Back to Connect

README

resources/docker/cdc_schema_registry/README.md

4.90.22.1 KB
Original Source

CDC Schema Registry

Demonstrates a full CDC pipeline: capturing changes from PostgreSQL, encoding them as Avro via the Schema Registry (using the common schema metadata from the CDC input), and consuming the Avro-encoded messages from a Redpanda topic.

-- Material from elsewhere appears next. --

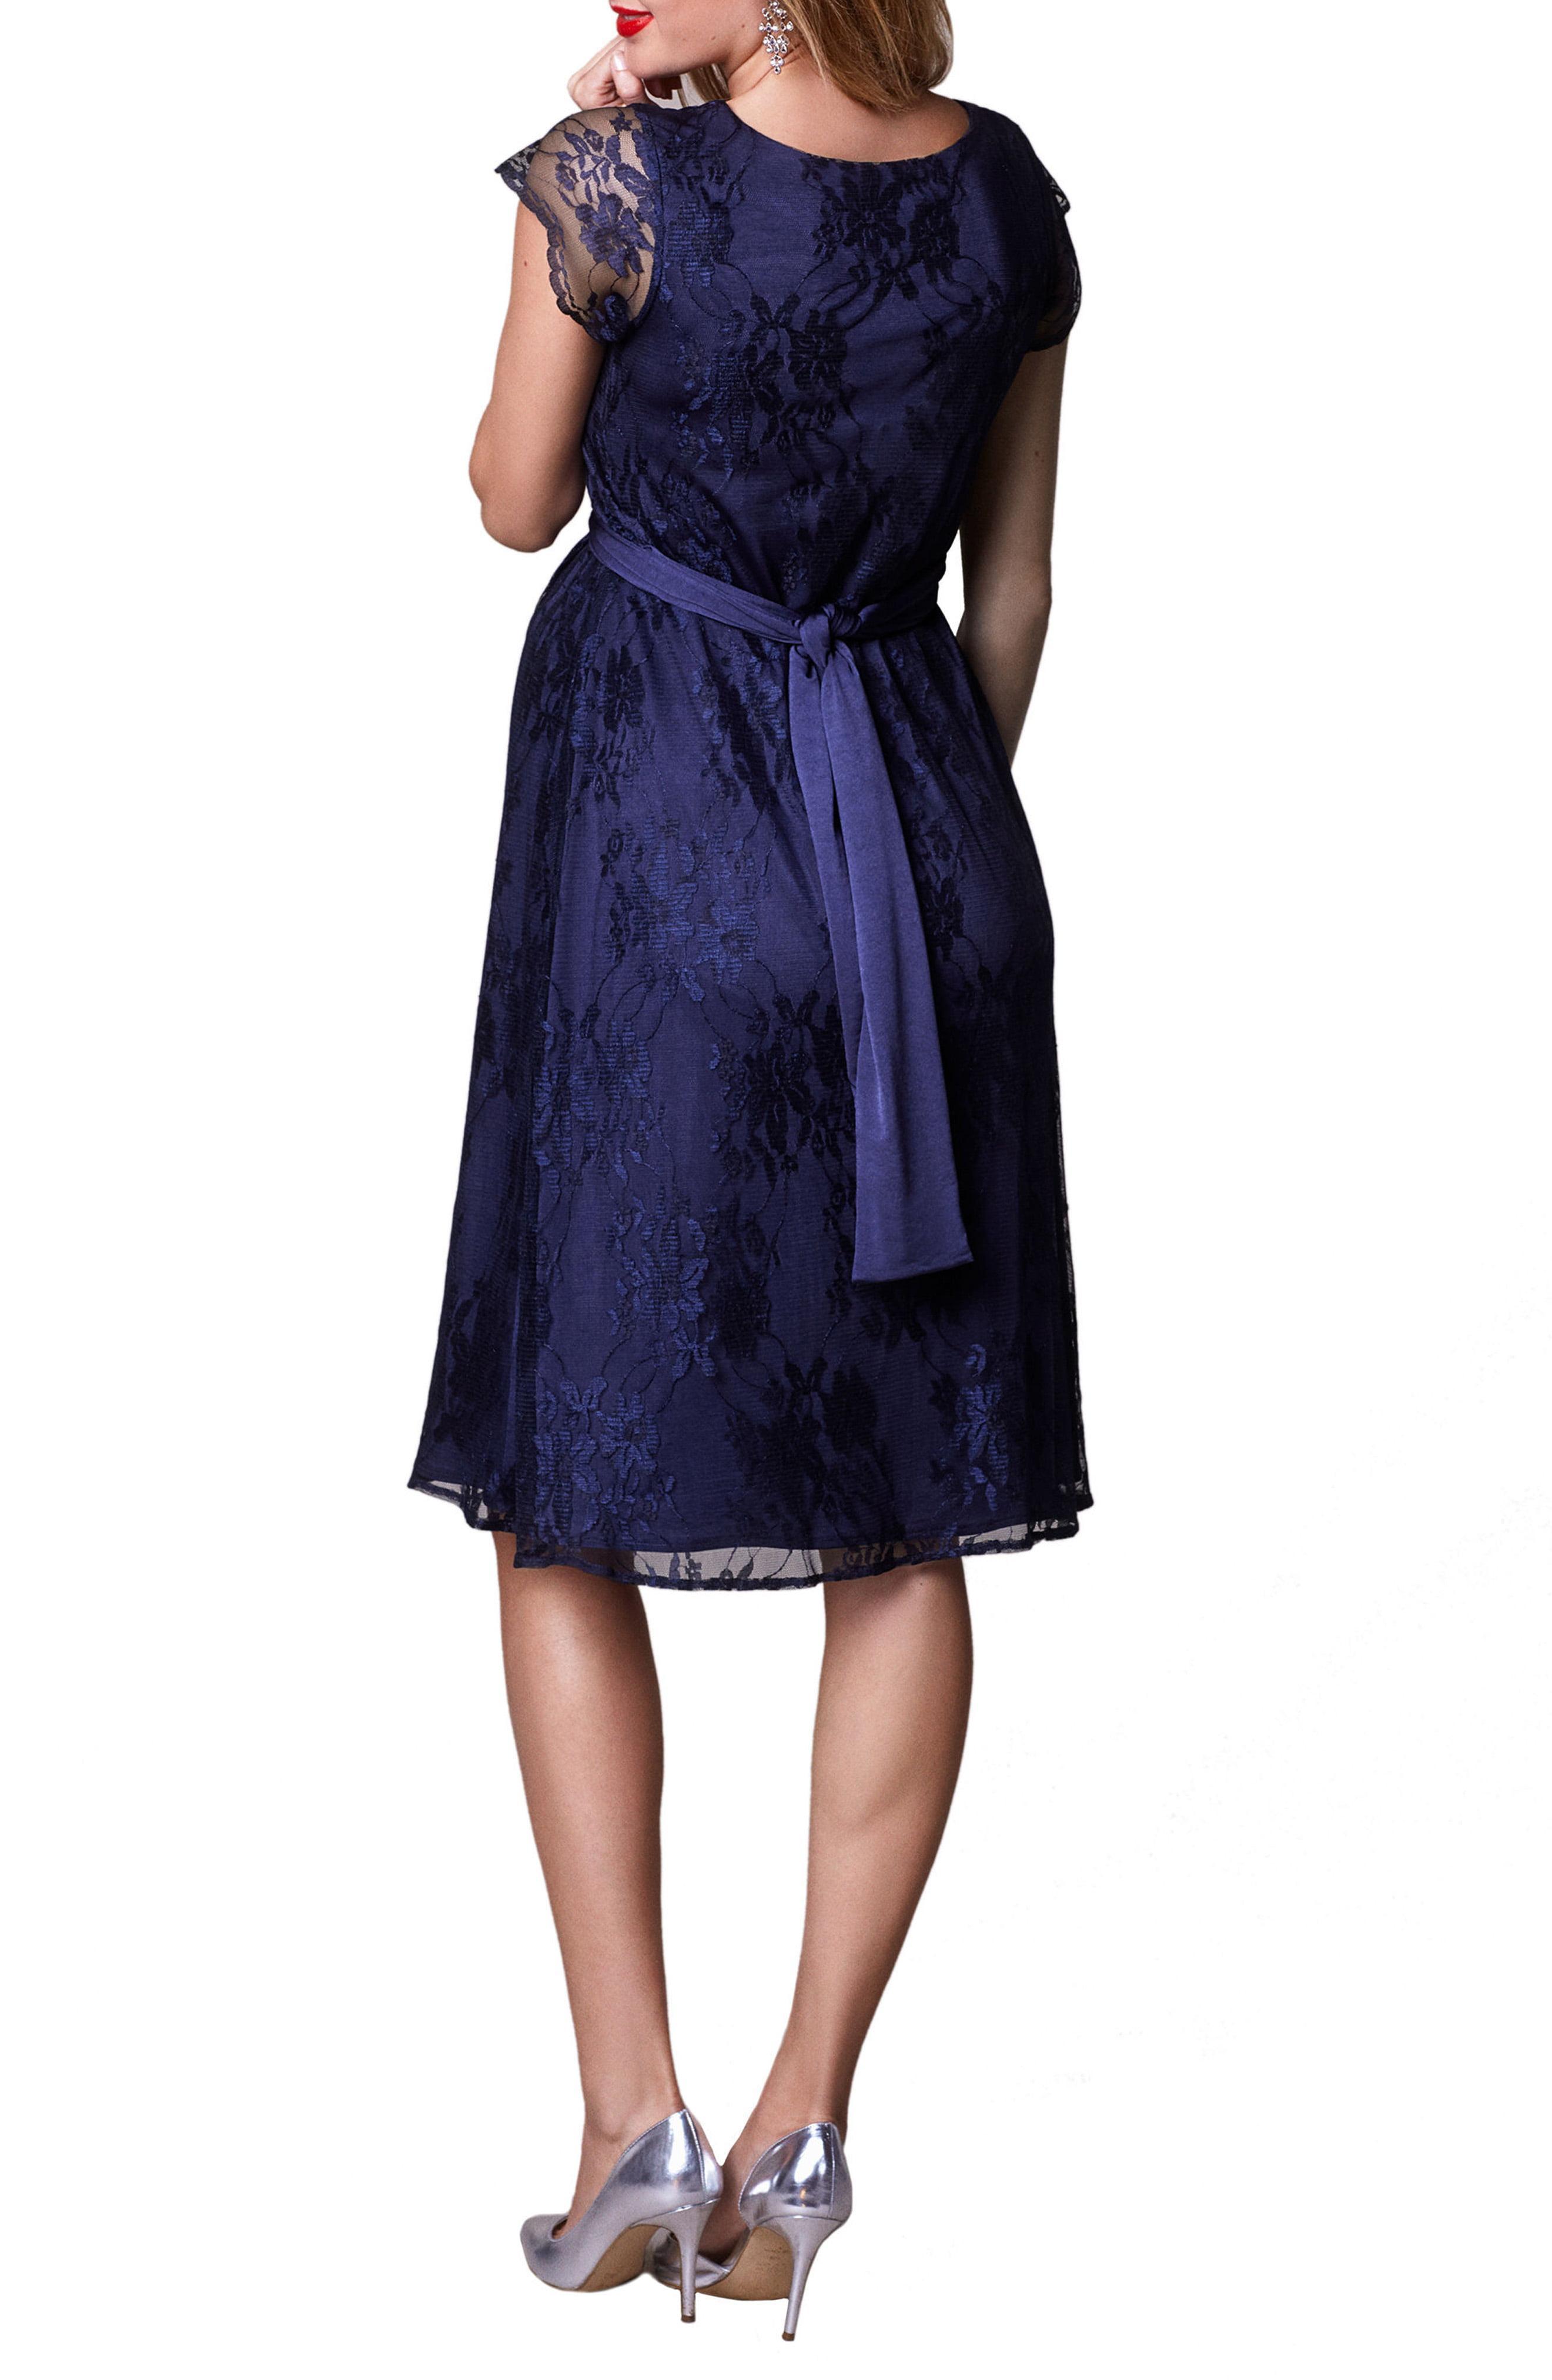 d3eb87de11 Lyst - TIFFANY ROSE April Maternity nursing Dress in Blue

The schema is auto-registered with the Schema Registry — no manual schema management required. The postgres_cdc input attaches a common schema to each message's metadata, and the schema_registry_encode processor converts it to Avro and registers it automatically.

Architecture

┌─────────────┐     ┌──────────┐     ┌────────────────────┐     ┌──────────┐     ┌──────────────┐
│  generate   │────>│ postgres │────>│  cdc + avro encode │────>│ redpanda │────>│ avro decode  │
│ (sample data)│     │          │     │  (schema registry) │     │  topic   │     │  + stdout    │
└─────────────┘     └──────────┘     └────────────────────┘     └──────────┘     └──────────────┘

Three pipelines:

  1. generate.yaml — Produces random product data and inserts it into PostgreSQL every 2 seconds.
  2. cdc.yaml — Streams CDC events from PostgreSQL, encodes them as Avro using the Schema Registry, and writes to a Redpanda topic.
  3. consume.yaml — Reads from the Redpanda topic, decodes the Avro back to JSON, enriches with CDC metadata, and prints to stdout.

Run

sh
docker compose up -d

See output

sh
docker compose logs -f connect-consume

You should see JSON messages with the CDC operation, table name, and decoded row data:

json
{"data":{"category":"electronics","created_at":"...","id":1,"in_stock":true,"name":"premium widget","price":"29.99"},"operation":"read","table":"products"}

Clean up

sh
docker compose down -v